法隆寺に行きたい、と広島から来た彼女が言った。ここは奈良で、法隆寺まではバスで一本だったため、雨がしとど降る中、私はそれを快諾した。
その頃は美学にあまり興味がなく、寺社仏閣の良さも分からなければ、彼女が見たいという仏像についても無知だった。法隆寺に続く石畳に併設する奈良漬け屋で、これが美味しい、これが美味しい、と言いながら試供品を食べ比べ、結局なにがしかを買った。法隆寺に近づくにつれ、彼女の横顔に翳が深くなっていった、気がした。
法隆寺を参拝し、見たいと言っていた仏像がある中宮寺に向かう。入場料を払い、十畳ほどのお堂に通され、ひとしきり仏像についての説明を受けたあと、鎮座する伝如意輪観音像を拝観する。
その柔らかな水で撫でられたような艶、古びた様子を全く感じさせない、後光と見紛うような照り返し、中性的でありながら確かな威厳を感じさせる存在感、優しい威光、それら全てに魅入られ、私は、私たちは罪をどこかに置いてこれたのではという、大きな錯覚に陥った。帰り際、バスの待合室で雨音を聞く、雨の日ばかり 君に会って、という文章を書いたなと思いだす。
彼女の翳は、誤魔化しているものの誤魔化しきれないものになっており、私は早くバスが着けばいいのに、と、長く感じる時間の首筋を噛むように、このまま居たい、ここから出たい、という
アンビバレンツな感情を持って、そこに立っていた。

大学で論文を突き返された、提出期限を大幅に過ぎているのだから当然ではあるのだが、どこかで、私の優秀さに教授も甘い顔をするのでは、と、甘い甘い甘い考えを持っていたが、現実は、来年またおいで、の、価値判断もなにもない真っ当な一言で終わった。そのあとなにをしたかは、あまり覚えていない。
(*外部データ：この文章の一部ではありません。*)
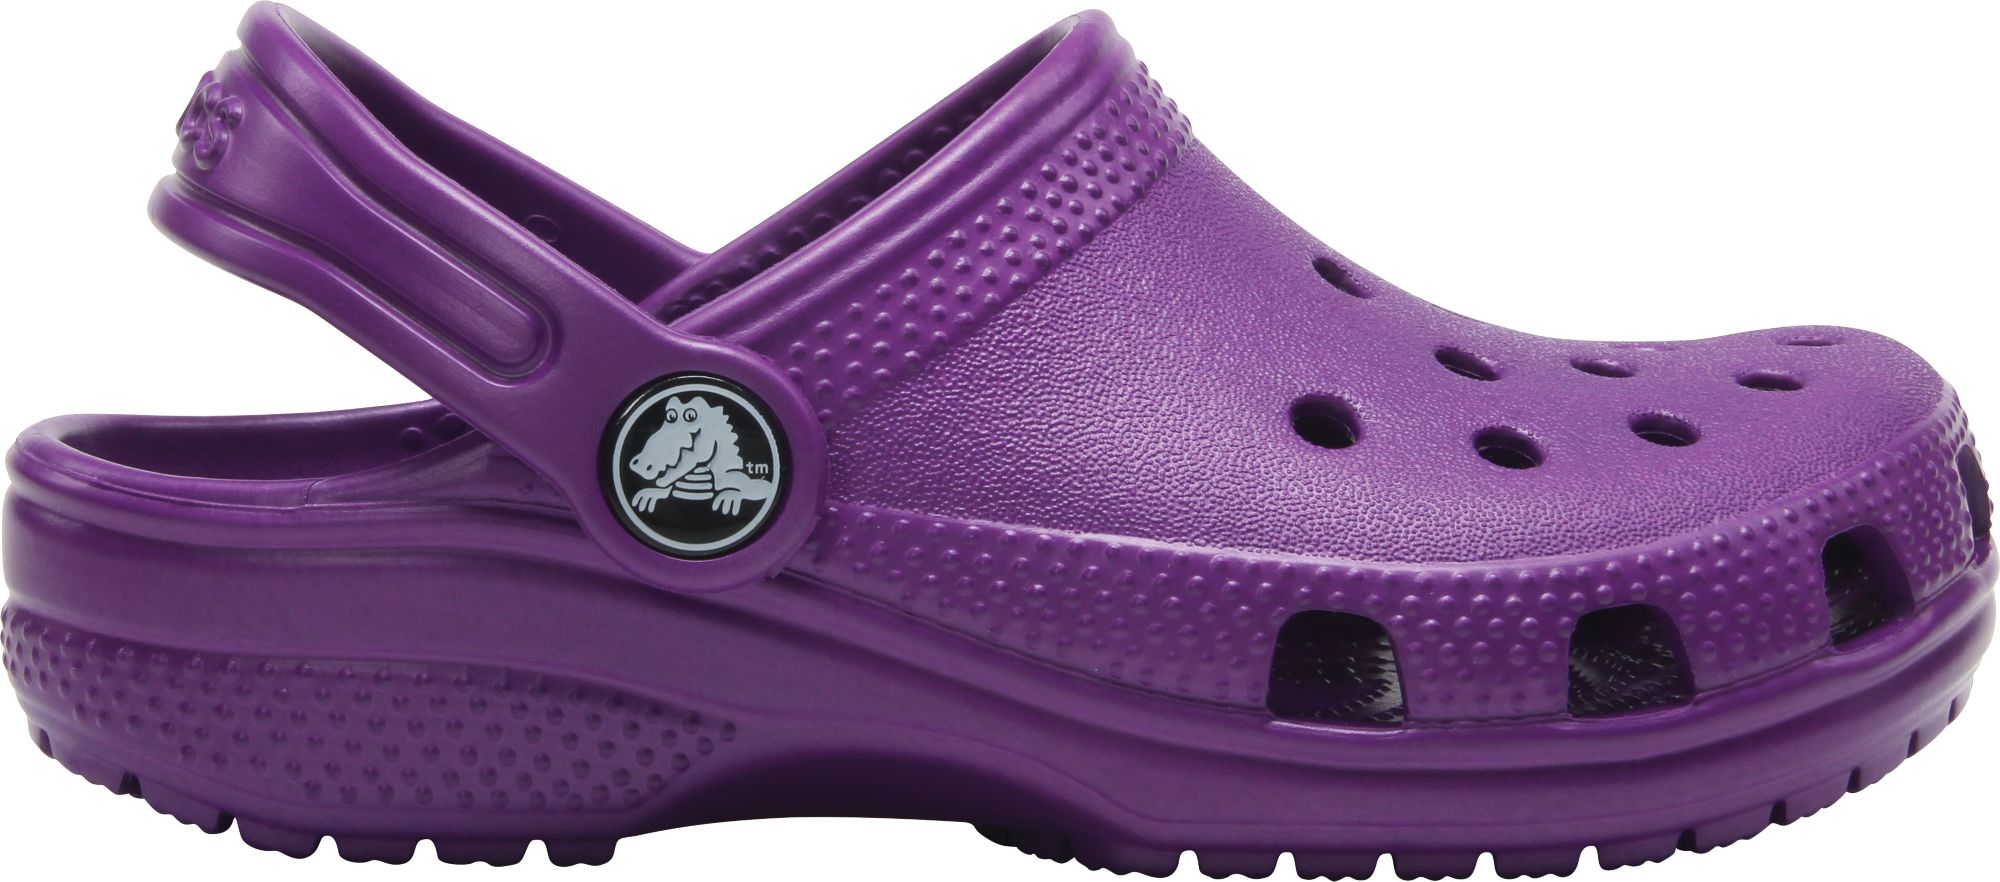 purple crocs for kids

あんな一週間を過ごしておいて 私はここにいる、などという文が広島の彼女から投稿された。それきり、彼女とは連絡を取らなくなってしまった。

今日は誰に呼ばれたんだっけ、今日は誰が来るんだっけ、よく分らないまま時は過ぎ、雨音はここに持ってこれないほど過去になった思い出に変わる。
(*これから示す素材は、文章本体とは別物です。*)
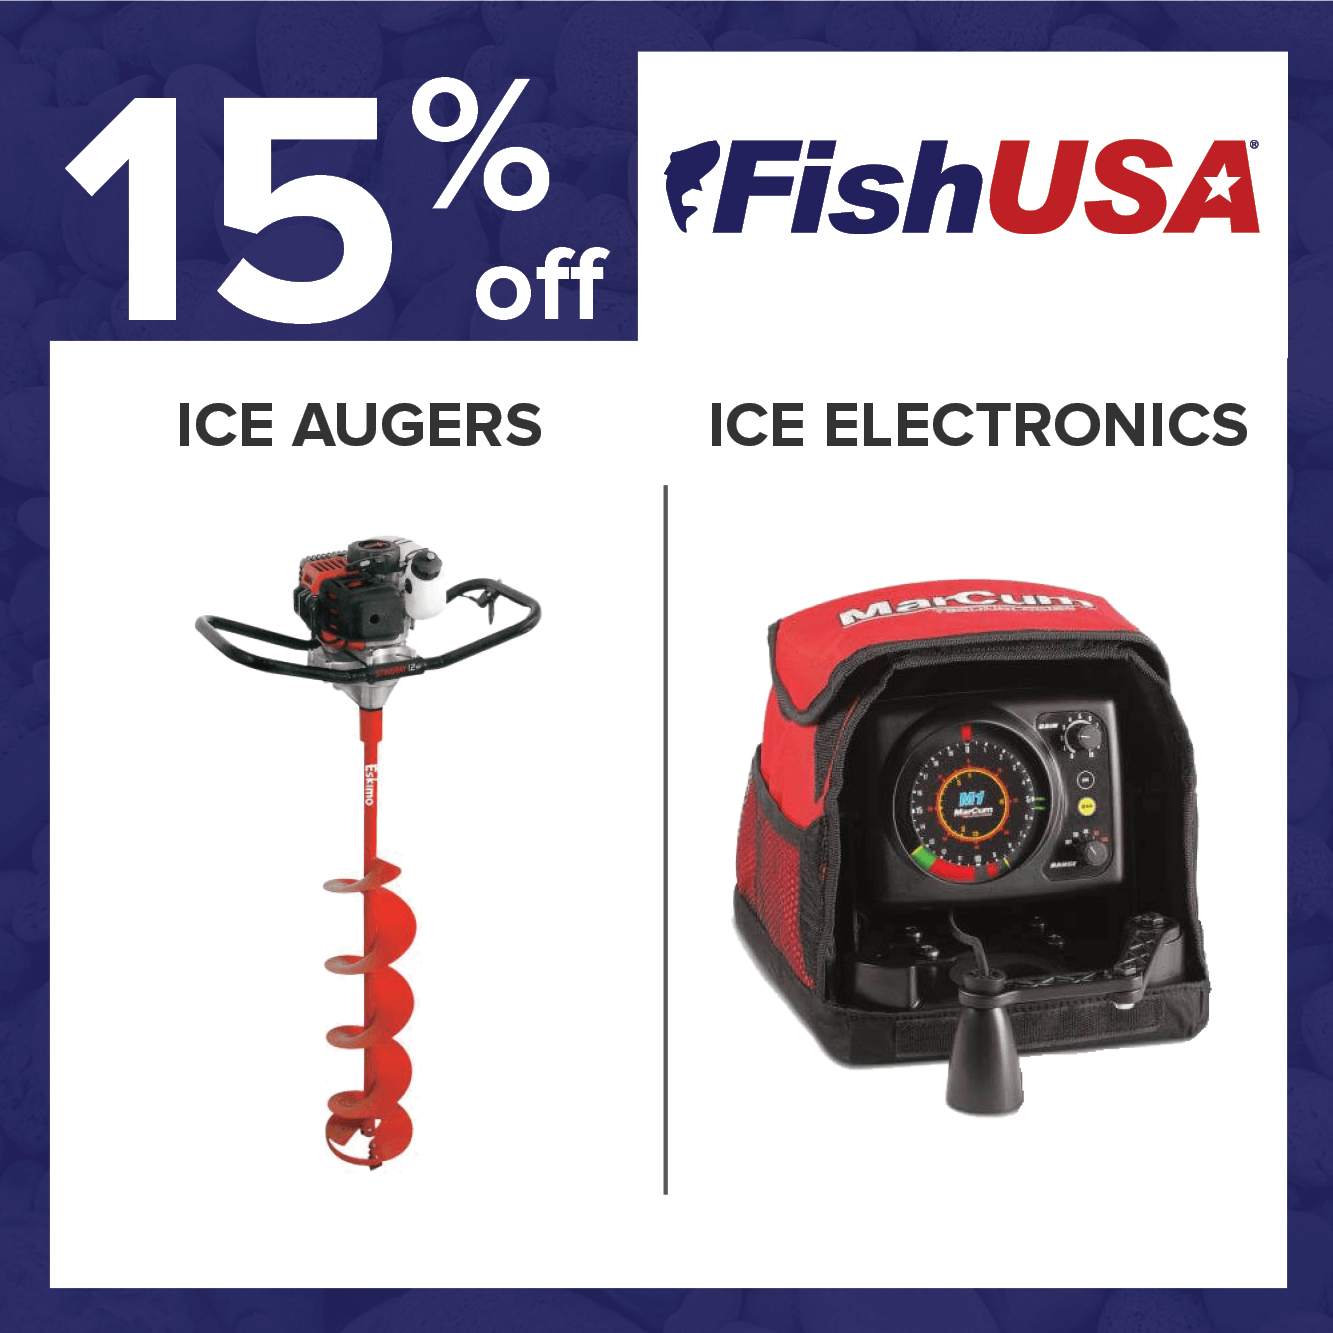 Save 15% on Ice Fishing Augers & Ice Fishing Electronics

文章を綴る。これがなければ呼ばれることも呼ぶこともなかっただろう。セックスで射精しない、抗鬱剤の影響だろう。いろんなひとの情に、少しでも引っかからない特性を持っていて良かったと思う。数年後に持ち越せる気持ちなどない、と、今を生きる少女を家庭教師が励ますシーンがあった。気持ちは残っていないが、もう一度、誰かになにか言いたかったな、と、話し相手がいない夜に思う。審美眼って、そんなに必要?私には、よく分からない。